South Korean defense minister Han Min-koo revealed this week that the country has a plan in place to assassinate North Korean dictator Kim Jong-un should the threat of nuclear weapons become too glaring.
“Yes, we do have such a plan,” Min-koo said in response to a question in parliament on whether South Korea had a special forces unit in place to deal with Jong-un. “South Korea has a general idea and plan to use precision missile capabilities to target the enemy’s facilities in major areas as well as eliminating the enemy’s leadership.”
For a country to have such a plan in place is not uncommon, though Min-koo’s bluntness in answering the question was said to have surprised some.

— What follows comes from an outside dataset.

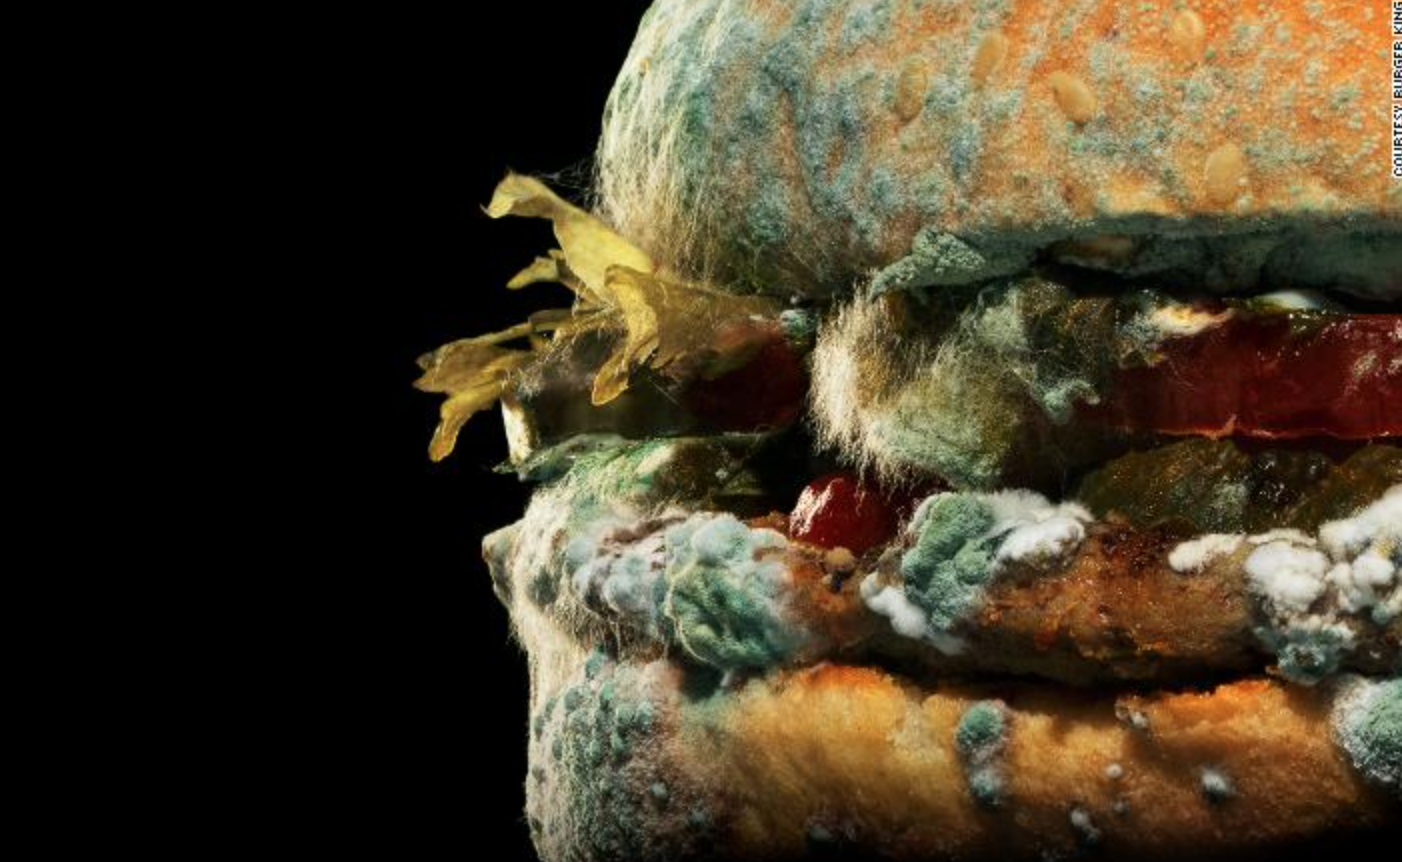 Burger King auglýsir rotnandi hamborgara

“A president would want to have the option,” Troy University’s Daniel Pinkston told CNN. “… Not presenting that to the president, not training for it and having that capability would be a mistake.”
The likelihood of a South Korean pushback intensified after North Korea’s claimed to have successfully tested a nuclear warhead on September 9. Just this week, it tested a rocket engine with the capability of firing an intercontinental ballistic missile.
Chief Director of Strategic Planning at the Joint Chiefs of Staff Leem Ho Young said earlier this month that South Korea’s Korea Massive Punishment & Retaliation (KMPR) system is in place if the country feels threatened by its neighbors in the north.
The system includes surgical missile attacks and special warfare units as well as a means for attacking North Korean leadership.